Mumsnet has not checked the qualifications of anyone posting here. If you need help urgently or expert advice, please see our domestic violence webguide and/or relationships webguide. Many Mumsnetters experiencing domestic abuse have found this thread helpful: Listen up, everybody

Would you expect your DH to check on you if

121 replies

Energy4You · 08/10/2021 15:13

I think I’ve completely lost the sense of what is normal or not.

A few days ago, DH noticed something strange on my skin. It’s somewhere a bit harder to see for me so I hadn’t noticed. He mentioned that really I needed to have it checked out which I agreed.

That was a few days ago. DH hasn’t asked how I was, if I had managed to get an appointment. Nothing.
In reality, I’ve had a bit of backward and forward with the surgery. Then I had an eConsult followed by a F2F appointment on the same day. Everything is fine. I was really worried about skin cancer (mole changing colour) so I’m relieved to say the least.
But nowI feel let down that he didn’t ask anything about it.

OP posts:
Energy4You · 08/10/2021 16:36

I’ve stopped having arguments a long time ago @Reallyimeanreally2022.

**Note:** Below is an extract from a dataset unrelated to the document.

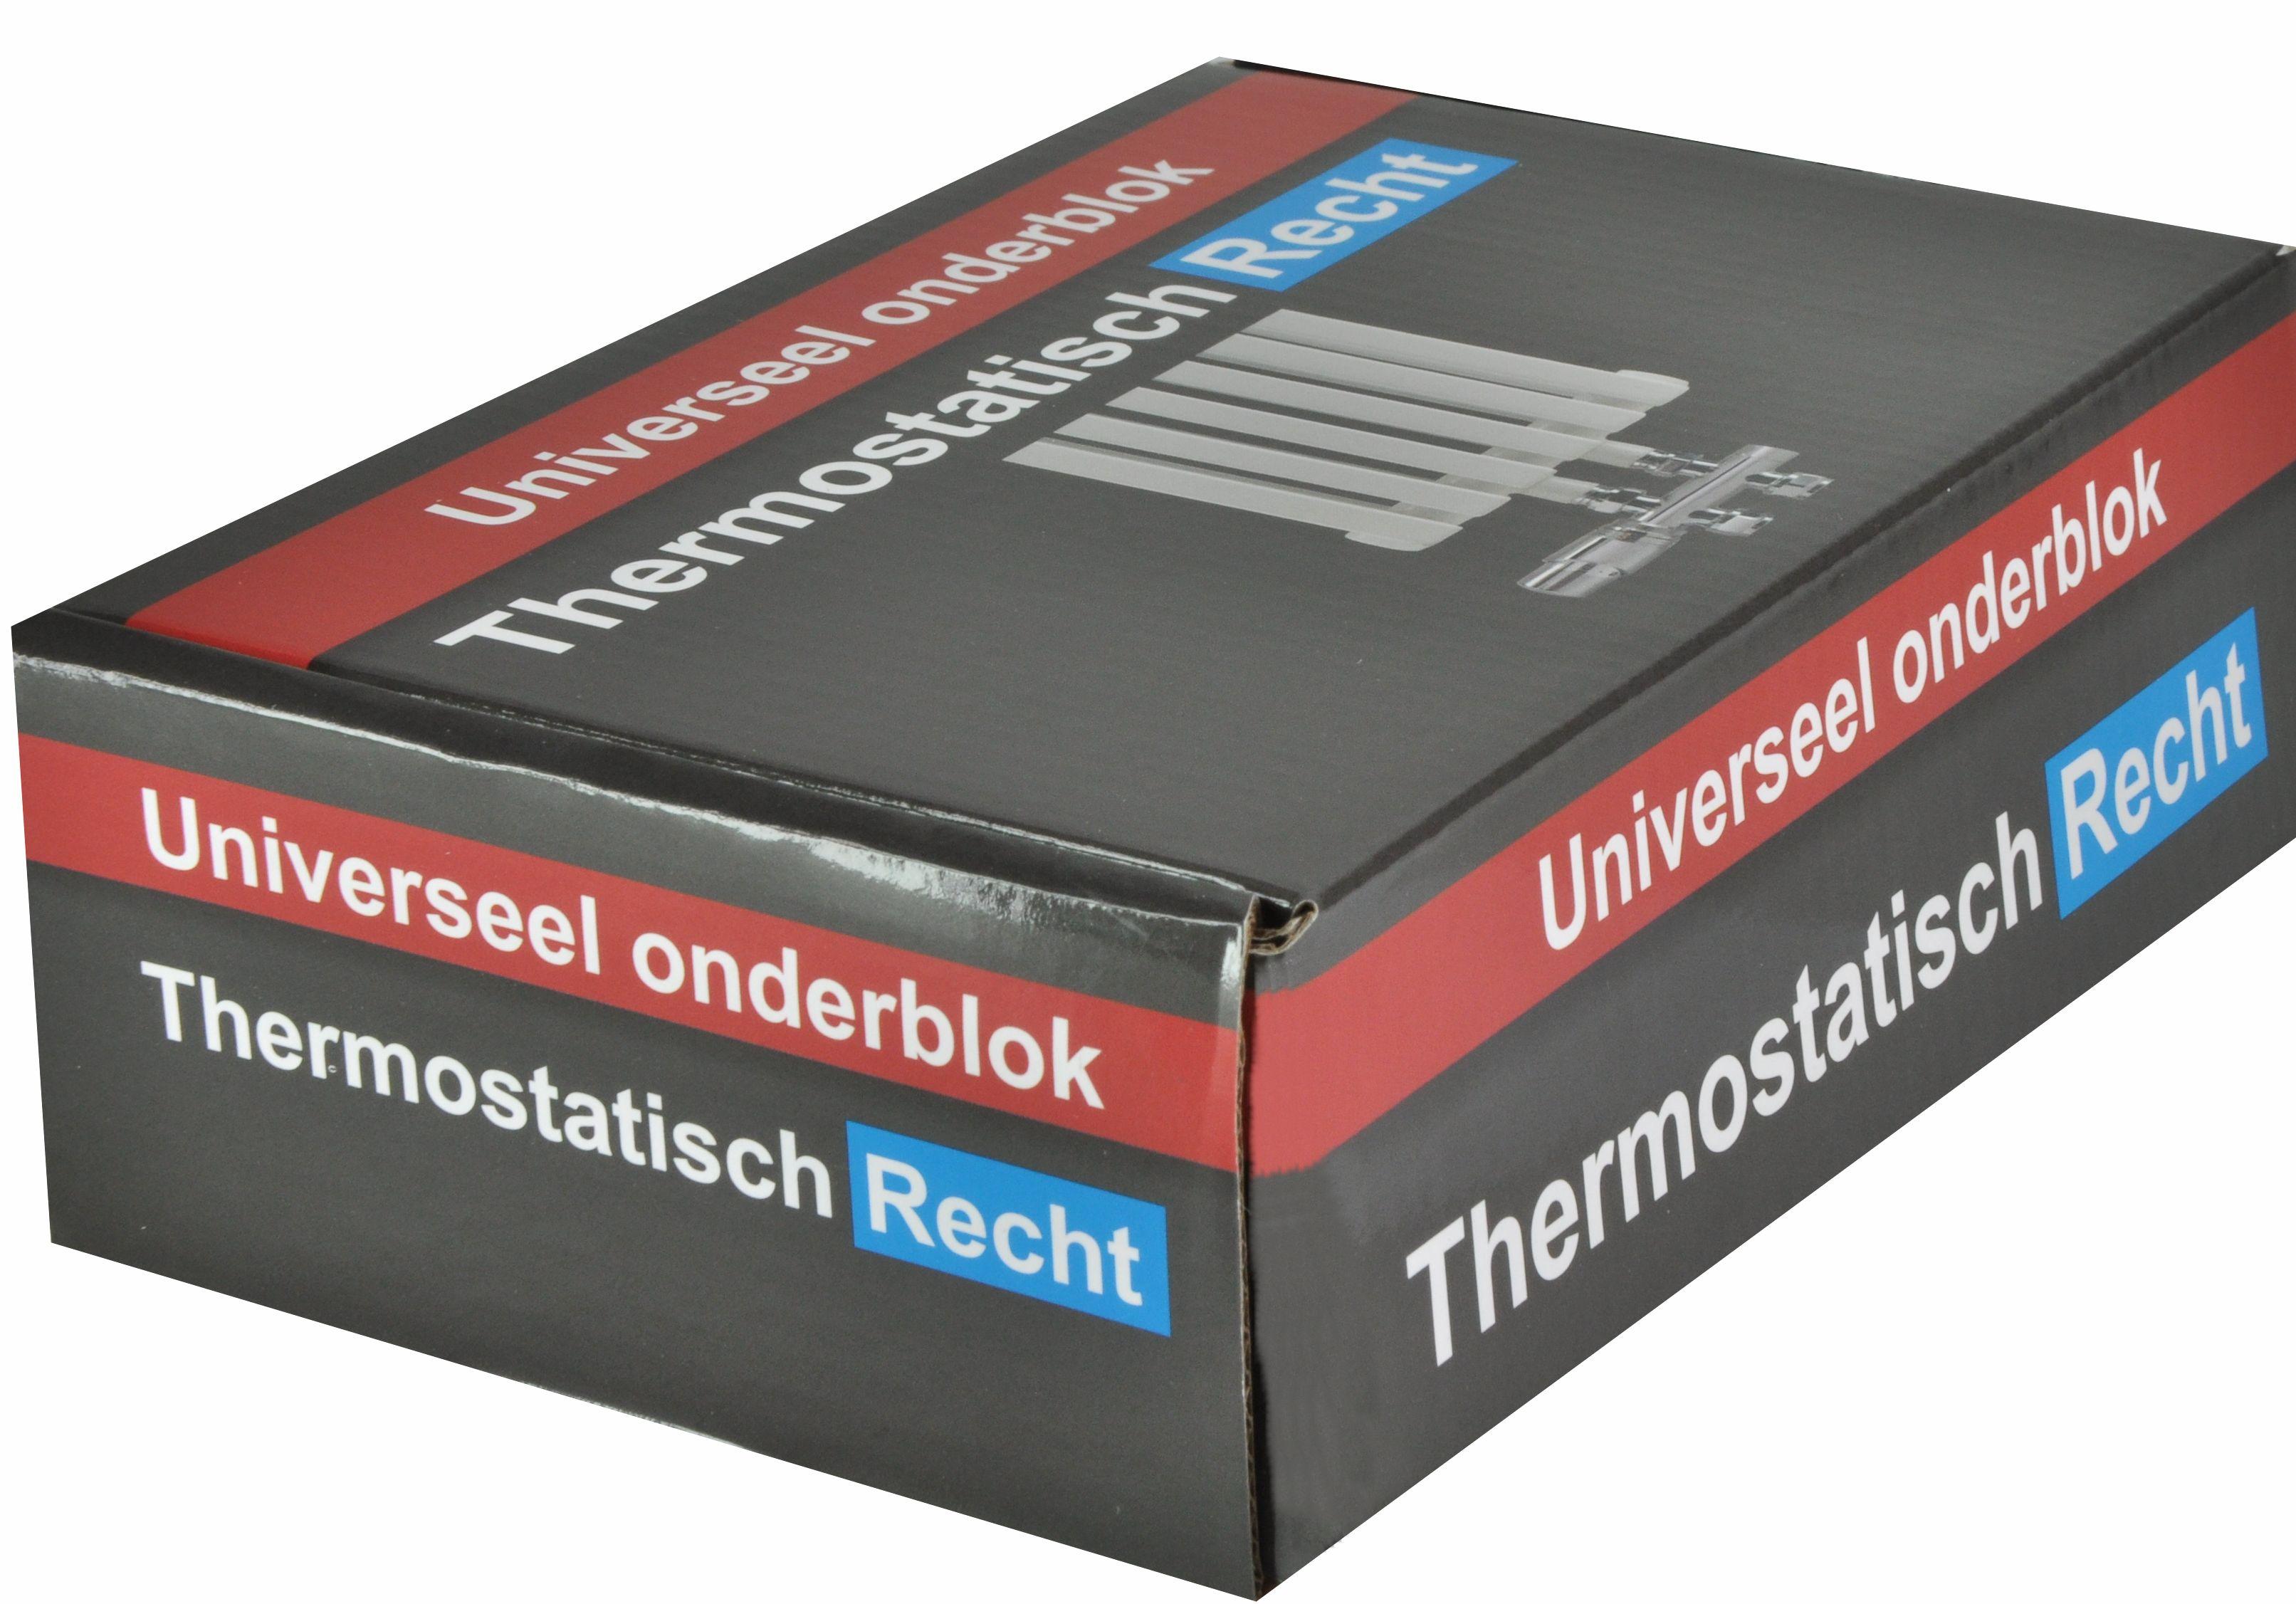 Radiatoraansluitset thermostatisch Recht middenaansluiting

But I realise that I’m reading his reactions in a certain way because of all the back history (mentioned above btw Wink).
It made me wonder why I don’t feel like telling him anything.

I agree btw that it should have been him telling me about the change, me telling him about appointment and then him asking about the result of said appointment.
Personally, I would have asked if dh hadnt been telling me about making an appointment. Something along the lines of ‘you said you were going to make an appointment. Did you manage to get through reception?’ just because it’s so hard work atm to get to see a GP.

OP posts:
Energy4You · 08/10/2021 16:44

@Avarua, I didn’t get moody.
I didn’t ask for anything because I’ve stopped expecting to be of any support in those cases.
That’s something I would have expected to happen because I would expect that to happen in any loving relationship. That’s what I wouod do. That’s what I’ve seen people around me to do too.
Eg if I was saying to my mum I had noticed some issue with a mole, she would ask me the next time I see her how things were going.
If it was my dad she would ask him if he had managed to get an appointment etc….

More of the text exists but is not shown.